To do:
Output nothing except the lines from the one containing "AS2OV (アッソブ) , EXCLUSIVE" through the final line of the data, both included, typed exactly, minus the pictures.

Information shown:

++++++++++++++++++++

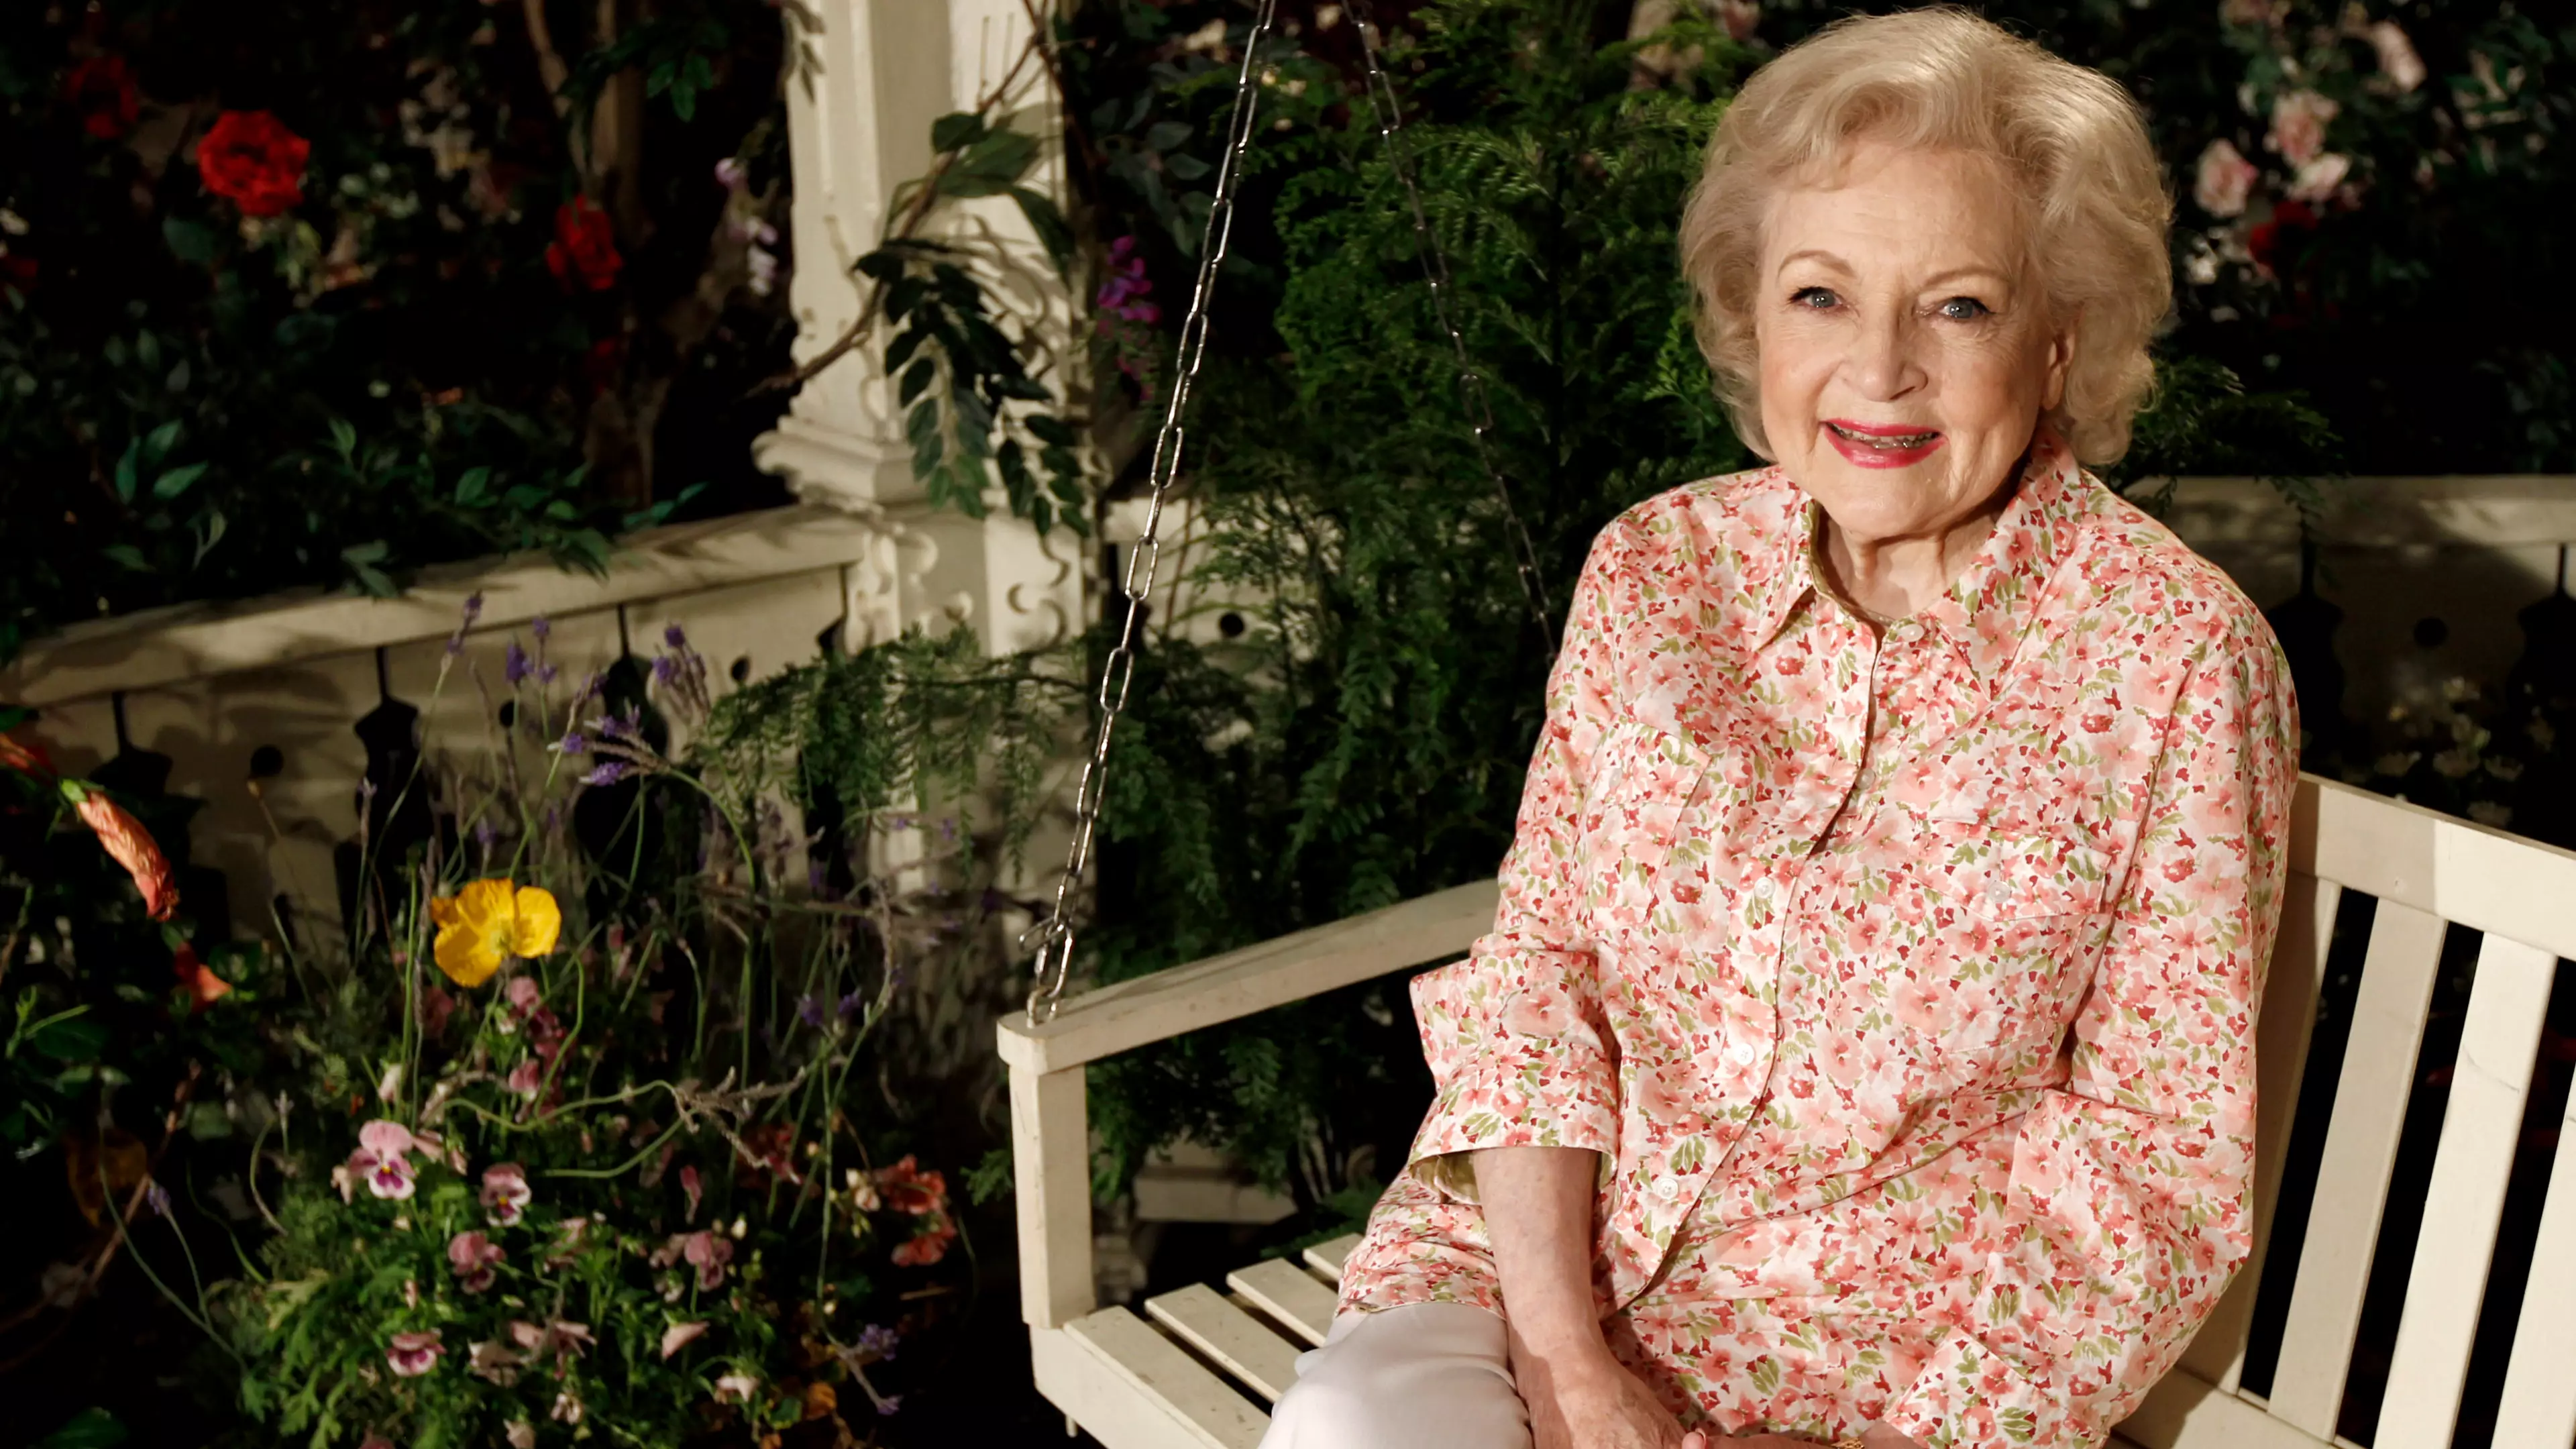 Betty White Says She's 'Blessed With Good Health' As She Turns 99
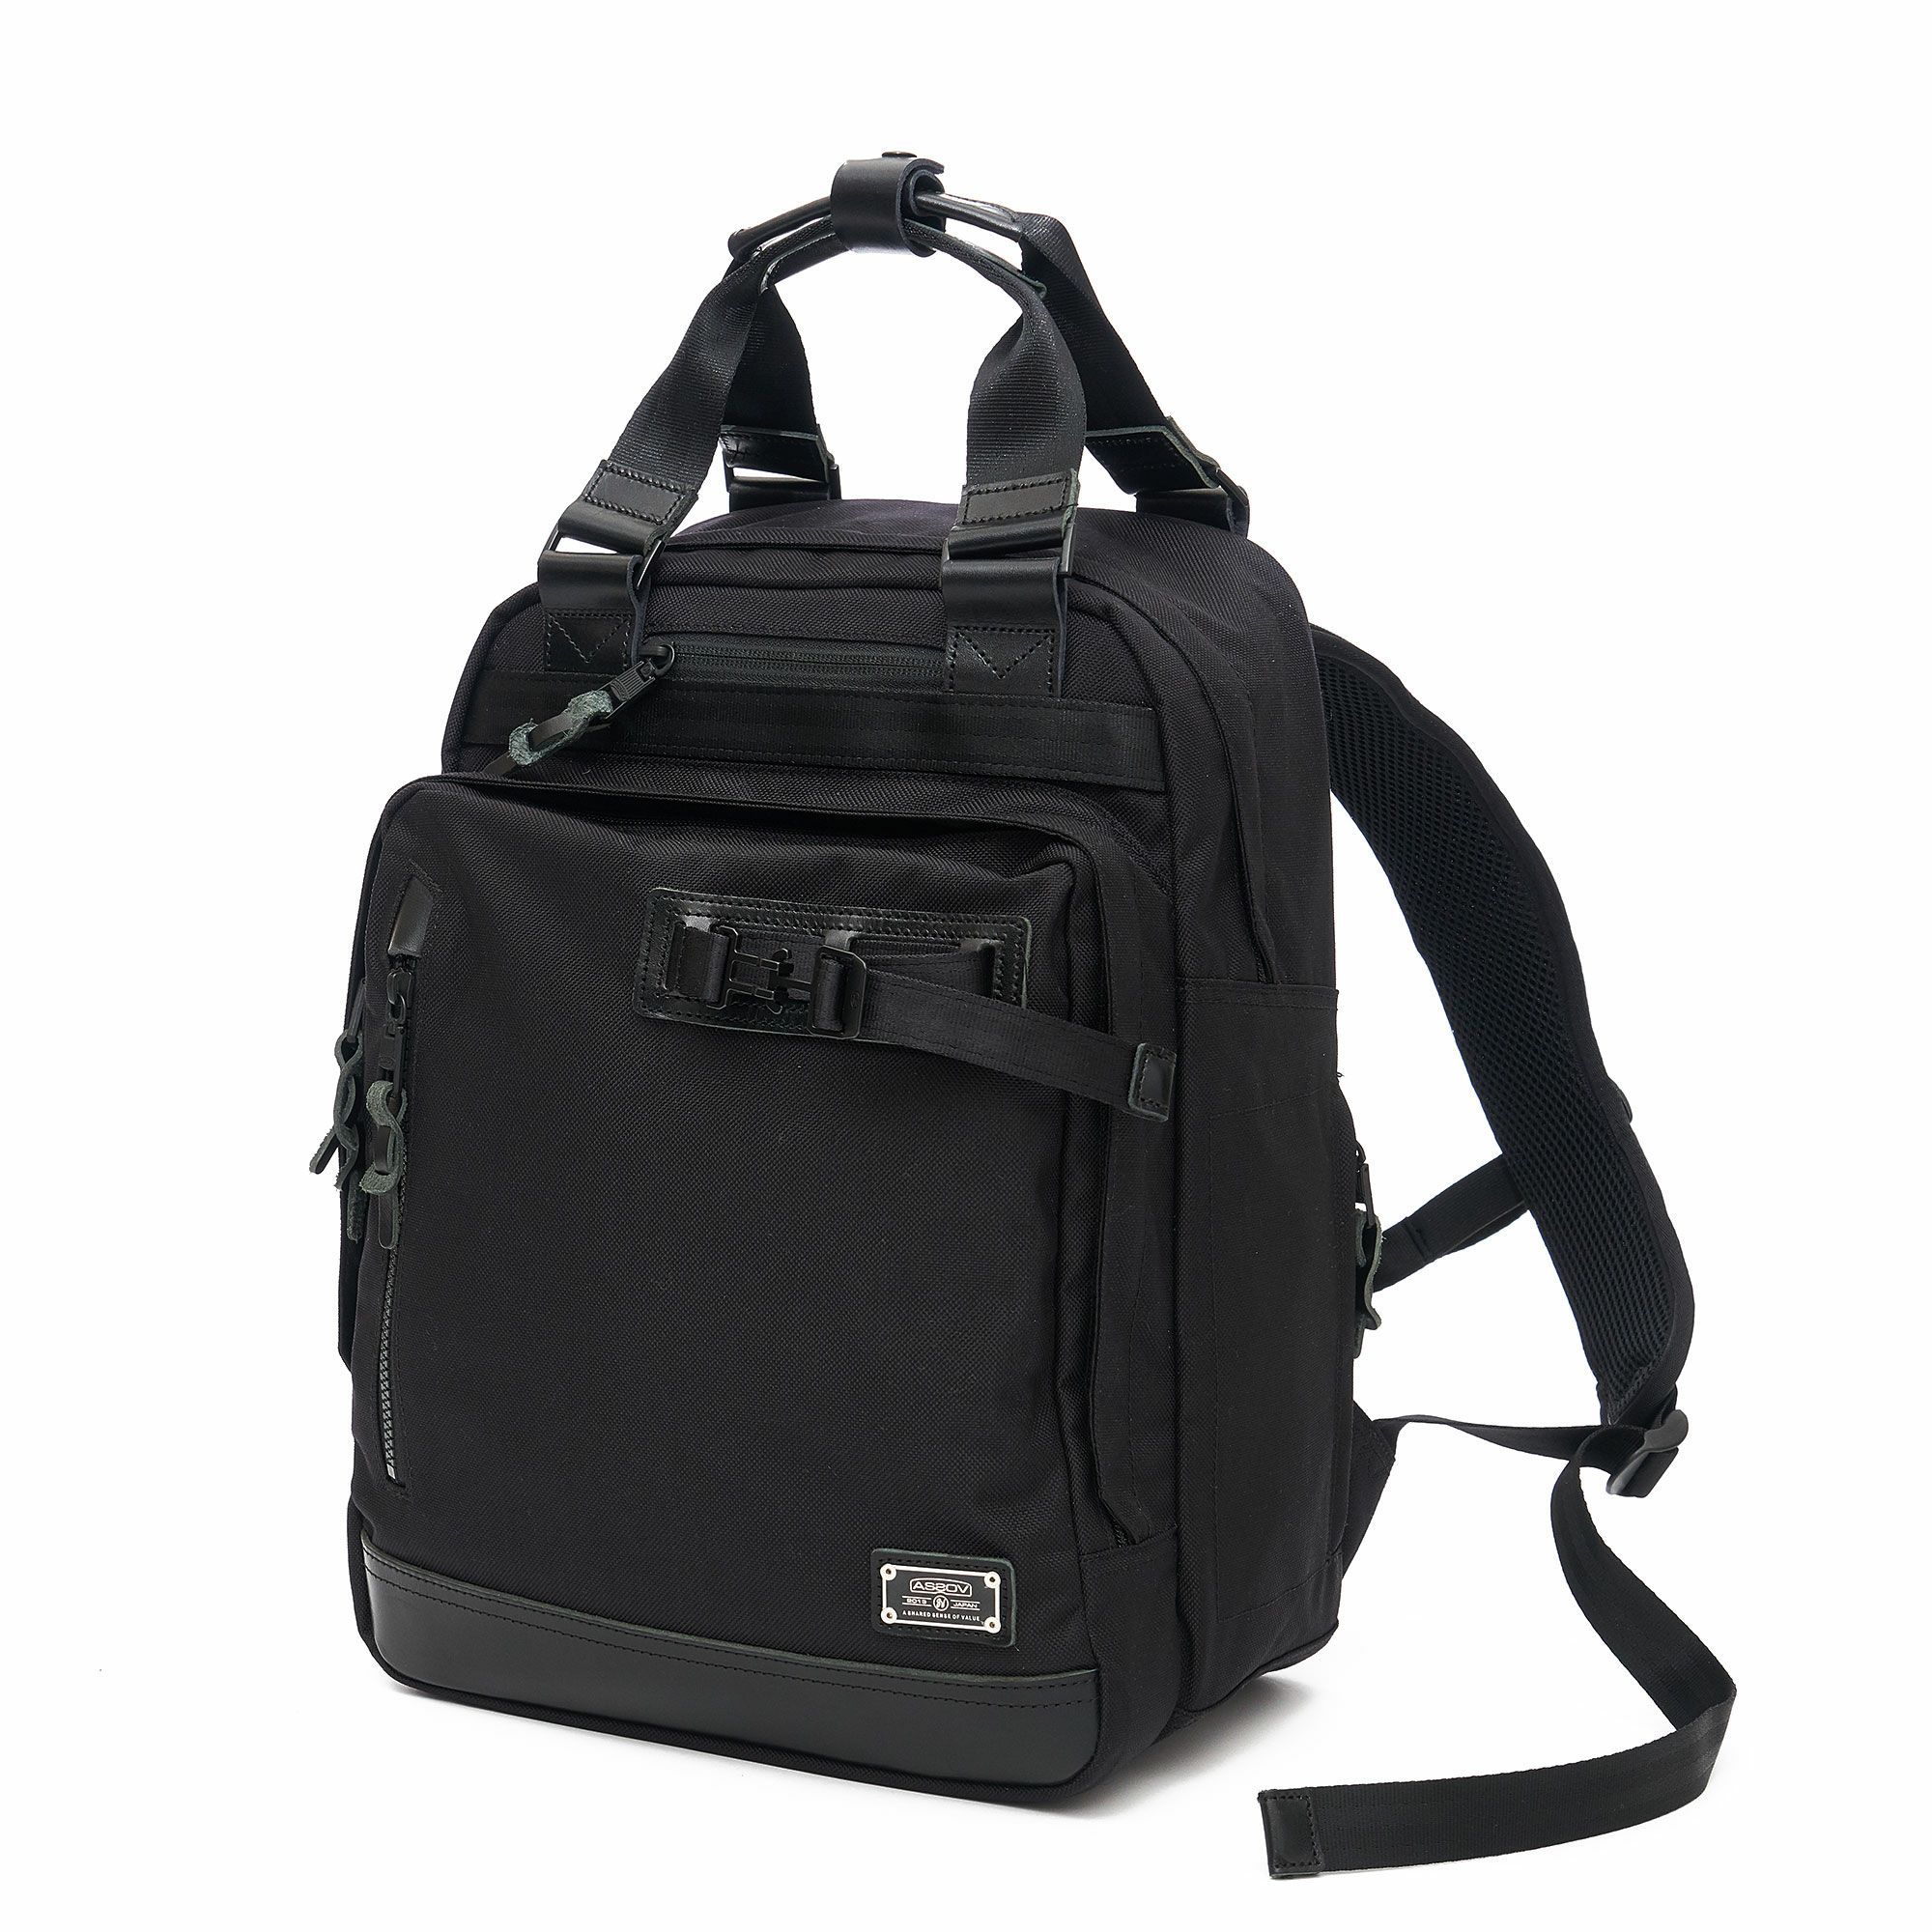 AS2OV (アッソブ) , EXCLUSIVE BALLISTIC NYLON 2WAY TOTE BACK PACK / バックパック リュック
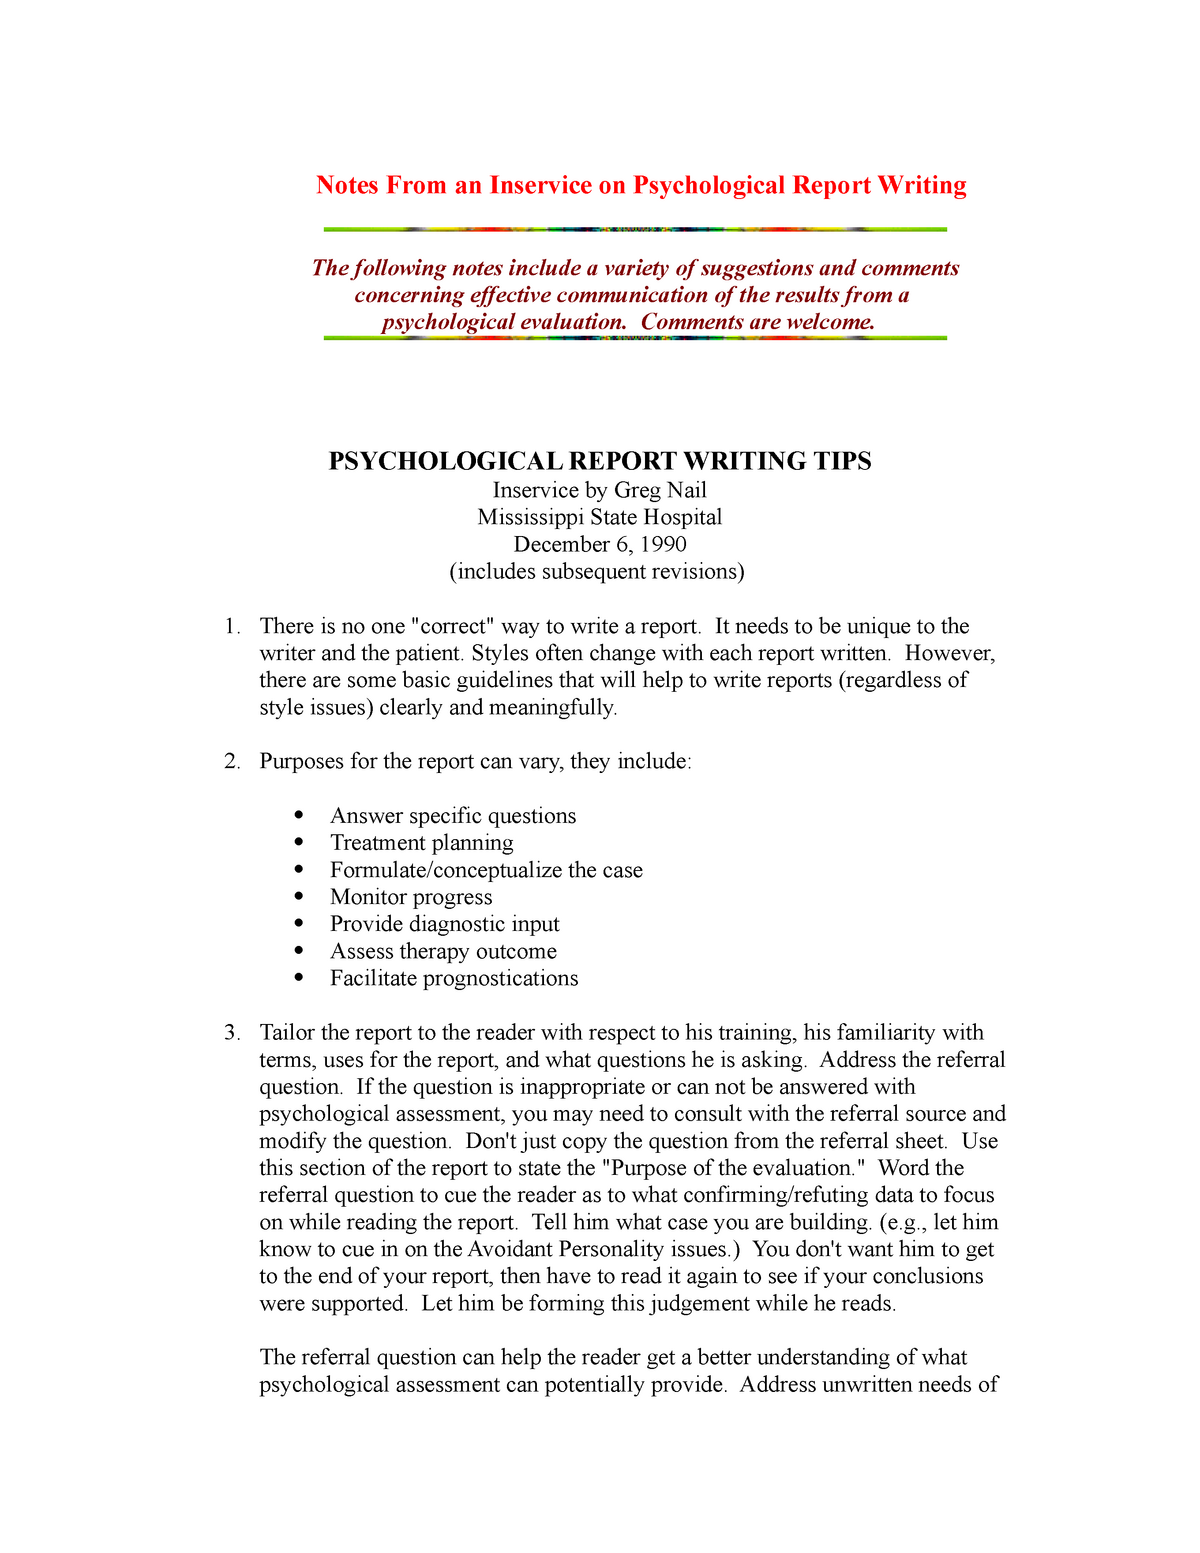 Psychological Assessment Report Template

++++++++++++++++++++

Answer:
 AS2OV (アッソブ) , EXCLUSIVE BALLISTIC NYLON 2WAY TOTE BACK PACK / バックパック リュック
 Psychological Assessment Report Template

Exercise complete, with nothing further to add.